Raising the Standard of Clean in Environmental Services Part 2

In a presentation for the CDC on “The Role of Environmental Cleaning in Preventing HAIs”,Dr. Keith Woeltje of the Washington University School of Medicine cited studies that showed that though most hospital surfaces looked clean, their current cleaning program was not effectively removing pathogens. This negligence has serious implications on patient health, namely that it dramatically increases a patient’s likelihood of acquiring a Healthcare Associated Infection (HAI). The primary purpose of his talk, however, was not to point fingers but to provide solutions.

Dr. Woeltje outlined a programmatic approach that was tested in thirty-six hospitals. It started with collecting baseline data on current cleaning effectiveness and ultimately empowered ES staff to engage in an on-going self-auditing process.

Here’s what happened:

In Phase I, rooms that had been terminally cleaned were identified, marked and then evaluated after one or two patient cycles using a fluorescent gel system.

In Phase II, the data from the first phase was used to evaluate the overall effectiveness of the current cleaning program. This information was then used to educate Environmental Services staff about surfaces that were being neglected. It was important that these issues were presented to the ES staff in a supportive, “non-punitive” manner.

During Phase III, the same surfaces were tested again and compared with the baseline data from the first phase.

On average hospitals went from cleaning 45 to 80% of high-touch objects effectively. These are pretty remarkable results considering that they didn’t incur any additional costs in the process.

Staying Power

The only weakness of this type of educational approach was that results tended to be short-term. Though rooms were initially cleaned more rigorously, eventually there was an inevitable drop in results. Dr. Woeltje said that this downward slope could be reversed by continuing to track cleaning efficacy on an ongoing basis and getting Environmental Services staff to feel invested in the results.

One idea he tried was giving each area of the hospital a board dedicated to the specific issues important to that department (e.g. slip/fall prevention, infection rates, etc.). In the Environmental Services department, one issue on their board was cleaning efficacy. Efficacy measurements were regularly updated and posted and every day someone from senior leadership would come by to go over the board with ES staff. A frontline staff member, not the ES manager, would review their current cleaning efficacy rates with that person and describe what practical steps their department was taking to improve these results.

Dr. Woeltje identified the following factors as key ingredients to success in this type of approach:

– Support from upper management
– Buy-in from the ES staff
– On-going attention from managers
– Investment by ES staff in results
– Blameless benchmarking
– Cooperation about problems
– Recognition of success at all levels (i.e. within the ES department and by senior leadership)
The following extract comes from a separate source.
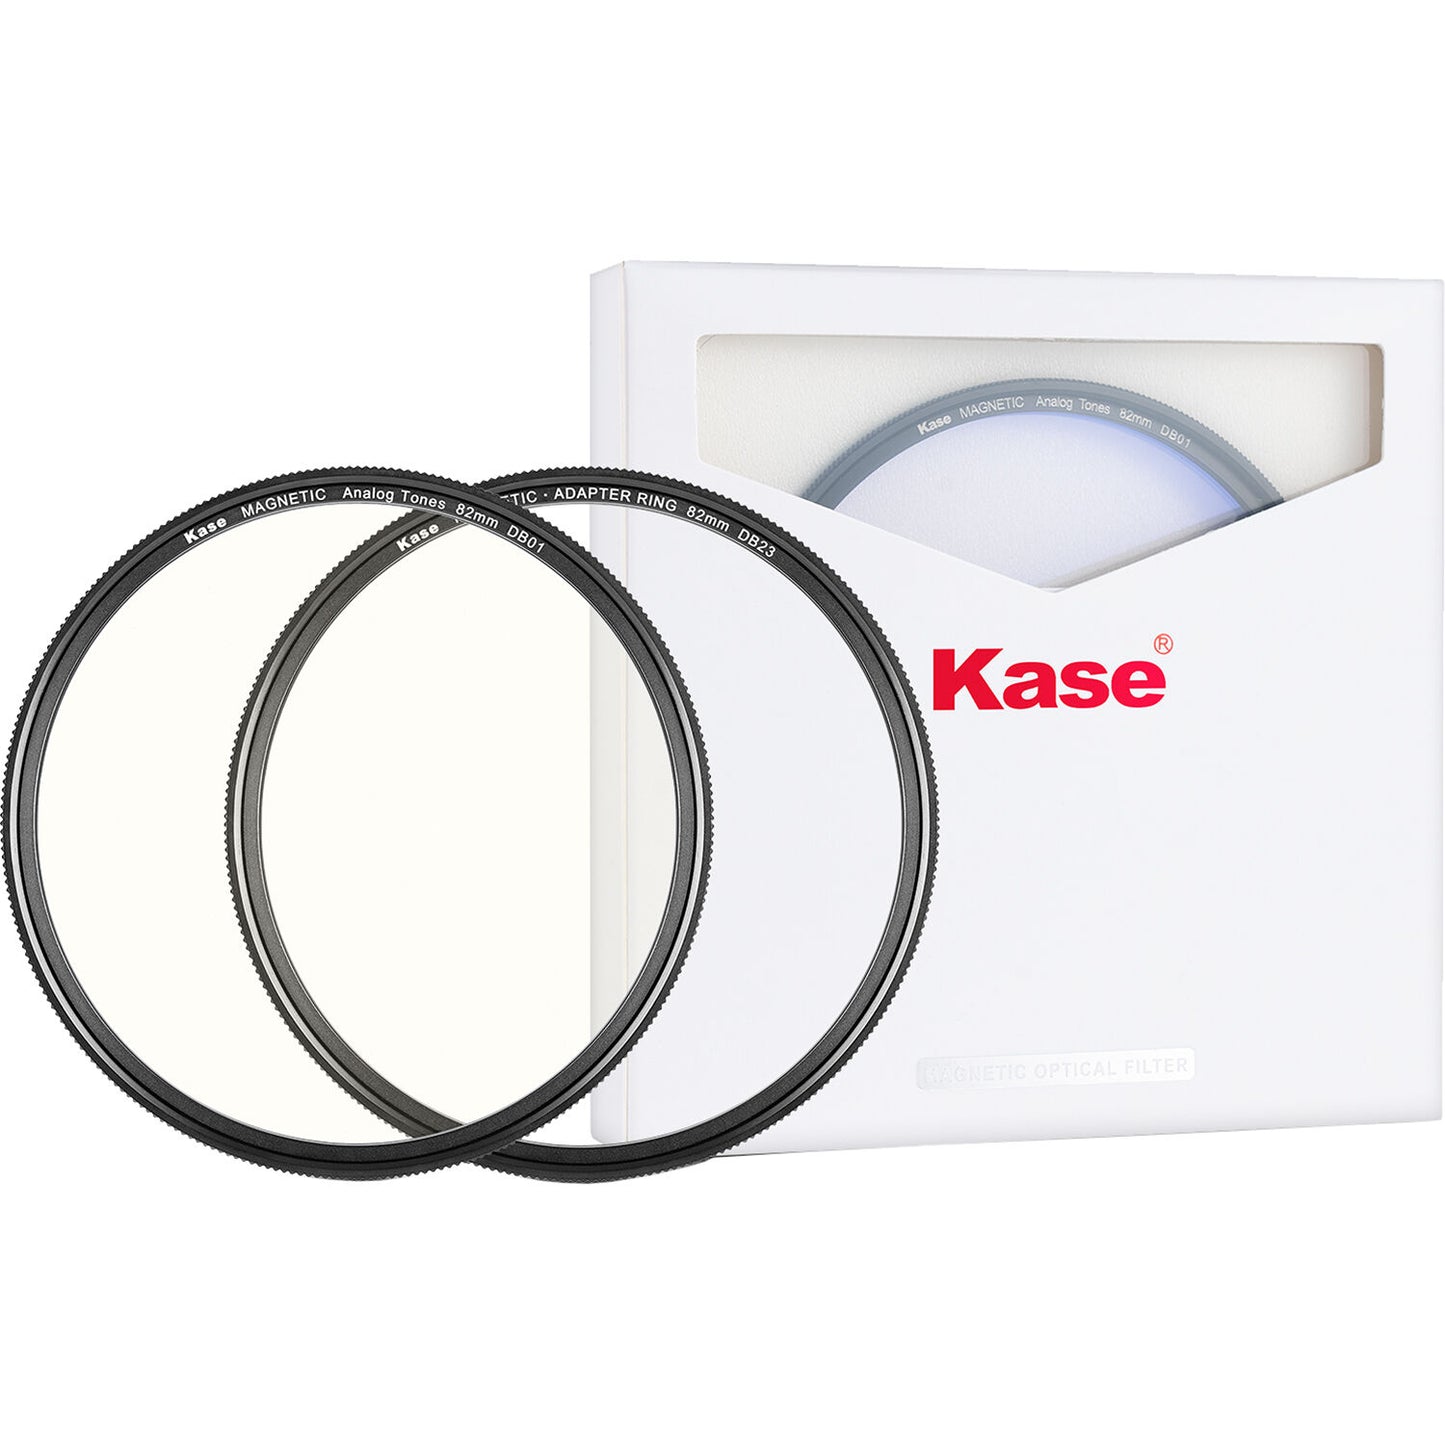 Kase Magnetic Analog Tones Filter and Adapter (82mm)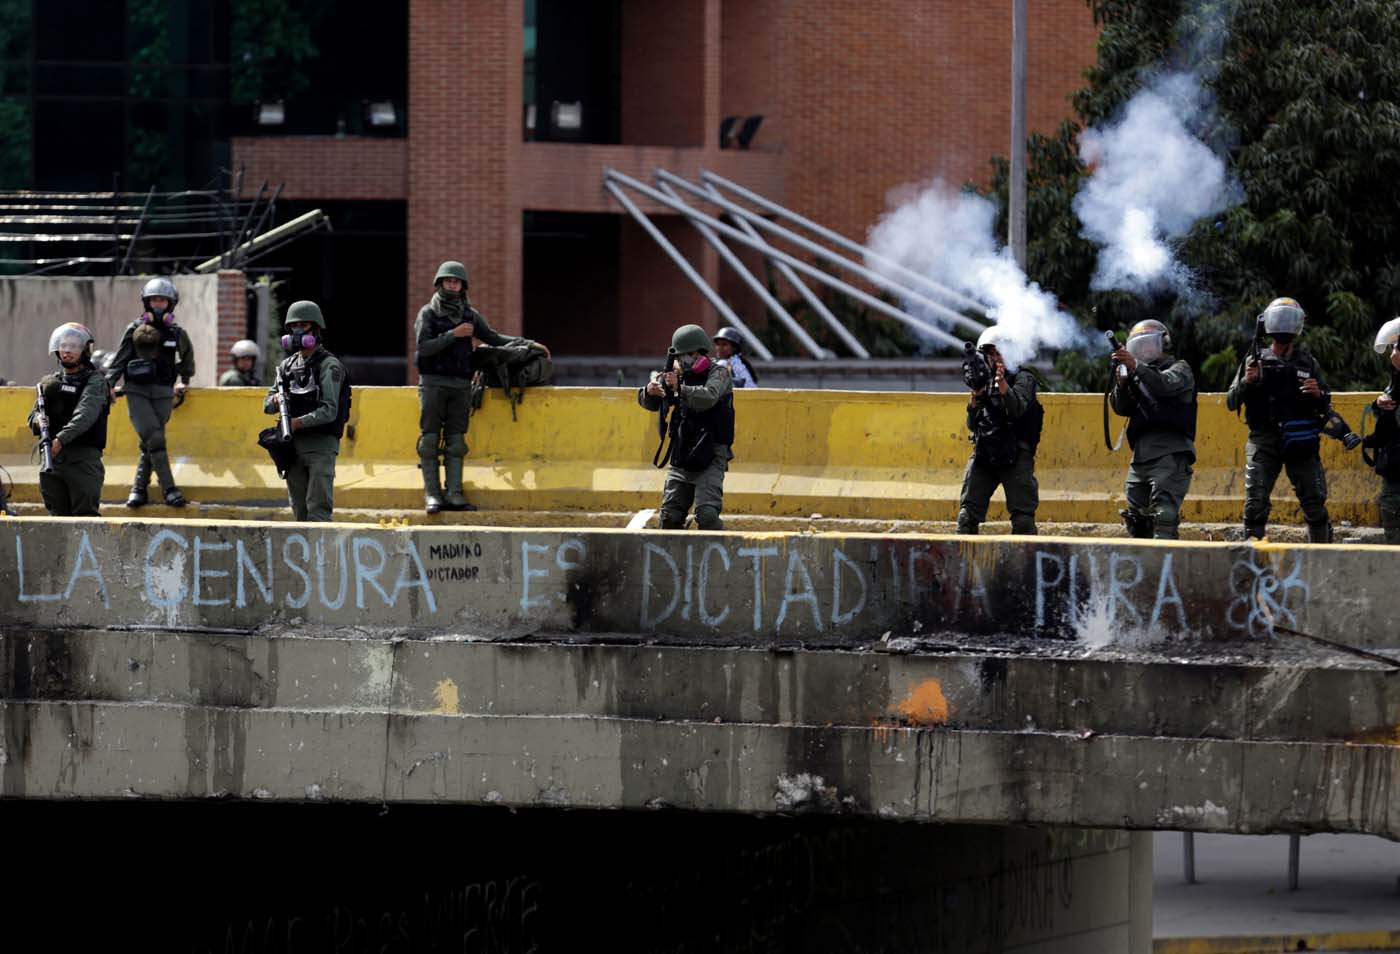 Security forces fire tear gas during clashes at a rally against Venezuelan President Nicolas Maduro's government in Caracas, Venezuela, July 6, 2017. The grafitti below them reads "Censorship is pure dictatorship". REUTERS/Marco Bello

One critical point Dr. Woeltje made in his presentation but didn’t elaborate much on was the centrality of process in the success of a cleaning program. He cited a study by Mark Rupp that showed that there is “. . . very little correlation between how much time the environmental services person spends in the room and how clean the room is. . . A lot of it has to do with workflow and efficiency, not that [ES staff] are busy cleaning stuff.” Developing an efficient process is key in sustainable cleaning efficacy. . . but it doesn’t stop there.

Process and People

Training ES staff to deal with other people in the hospital is an essential part of implementing the right process. As Matthew Stowe, OctoClean’s COO, says, “We don’t hire robots to clean buildings. We hire people to clean buildings. And these people have to deal with other people in the midst of trying to get their jobs done. Having a step-by-step, efficient checklist is important but what’s even more important is that you complete it regardless of the outside influencers. You can have the perfect process and all the right equipment and chemical but if you don’t apply them correctly, none of it matters. What makes ES staff deviate from their practices is other people. For example, distractions or resistance from patients, pressure from nursing to turn over rooms faster, and ES supervisors that are themselves responding to these outside pressures and in turn rushing their technicians. Staff need to feel supported by their managers and be trained on how to deal with the various types of feedback, personality types and cultures they may encounter as they go about their work.”

For example, ES need to be trained on how to deal with nursing or other medical staff who:
– think it is more important to get a patient in a room then take the time to clean that room properly
– think ES staff take 30 to 40 minutes to clean a room because they are lazy, not because they are following certain protocol

ES staff also need to be trained on how to deal with patients who may:
– be irritated that they are in their space
– think that they are not doing anything valuable
– want to chat for a long time
– dislike the smell of disinfectants
– have feedback for the ES staff about their work

Raising cleaning efficacy, then, requires a two-fold approach. First, ES managers and supervisors need to train staff on cleaning processes, help these staff become more comfortable and efficient in these processes, and, as Dr. Woeltje suggests, develop a programmatic approach that keeps them invested in their results. In addition, these same managers and supervisors need to protect their staff by training them on how to deal with input from people (patients and medical staff) that would tempt them to alter their processes.

In properly equipping ES staff to maintain cleaning efficacy standards, we are helping them to better fight for the preeminent goal of protecting patient safety.